Decididamente mobilizada, Atena também frequentou o fundo da sala, local40

onde os meninos realizavam golpes de judô e de outras lutas durante o tempo em que esperavam sua vez, e assim não ficavam sentados e parados. Entretanto, e contraditoriamente, Atena afirmou em entrevista inicial que não via sentido na aula de Educação Física, uma vez que os saberes ensinados não condiziam com a profissão que gostaria de seguir. A mesma opinião de negação aos saberes da Educação Física persistiu em sua fala mesmo mobilizando-se no conteúdo de lutas. Isto é, sua relação identitária com a disciplina é fragilizada por não encontrar um sentido na Educação Física, partindo da premissa que os empregos e cargos mais rentáveis na sociedade envolvam predominantemente a posse de saberes enunciáveis. Sendo assim, a Educação Física não pertencia aos seus planos de trabalho, já que também supõe predominantemente uma figura de aprender de domínio de uma atividade. Sobre esse pano de fundo, senti provocado a compreender como uma pessoa com relações epistêmicas, identitárias e sociais declaradamente desfavoráveis à Educação Física, apresentou uma mobilização acima dos demais alunos. Indagada sobre isso, a aluna é ríspida e direta em sua resposta, afirmou achar divertido aprender lutas, o que não significa ser importante ou útil.

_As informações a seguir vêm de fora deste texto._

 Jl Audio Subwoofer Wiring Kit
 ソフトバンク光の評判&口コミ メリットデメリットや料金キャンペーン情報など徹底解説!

Nesse caso, apropriar-se da Educação Física tem

relação mobilizadora exclusivamente com o prazer que a disciplina pode lhe proporcionar.

Quando a maioria dos alunos já havia vivenciado o golpe o-soto-gari na aula, a

professora perguntou aos alunos se “mais alguém gostaria de fazer”. Foi uma

provocação para obter qualquer tipo de manifestação de algumas meninas que não participaram ativamente da aula: Santana, Julia, Elisabete e Liliana. No entanto, nenhuma delas se pronunciou.

Para finalizar a aula, a professora realizou a chamada, assim como registrou o nome das alunas que não participaram. Novamente, conforme ocorreu na aula anterior, durante a chamada de presença, alguns alunos ainda brincavam de luta nas placas de EVA no fundo da sala, entre eles, Bruce Lee.

Apesar da professora ter trazido um golpe do Judô para a aula, os alunos só tiveram uma única vivência, o que possivelmente foi insuficiente para a apreciação e aprendizagem do movimento. Um dos possíveis indicativos desta insuficiência foi expresso com os alunos lutando no fundo da sala no mesmo momento da atividade principal. Talvez, seria o caso de ter feito a atividade com várias duplas simultâneas, o que, por consequência, diminuiria o tempo de espera dos alunos e possibilitaria mais e novas experiências de movimento. Parece-me que a professora ficou presa ao espaço físico e o material disponível, no caso, o dojo (tatame). Além disso, também podemos levantar a hipótese de insegurança do professor em trabalhar este elemento da cultura de movimento. Por não deter suficientes conhecimentos específicos e pedagógicos sobre o conteúdo de lutas, a professora procurou reduzir as variáveis de imprevisibilidade para garantir atenção a todos. O que se quer dizer é que talvez, com receio de alguém machucar ou de perder a confiança dos alunos, a professora delimitou um espaço e uma quantidade pequena de alunos, dois por vez, para que se pudesse ter maior controle das situações.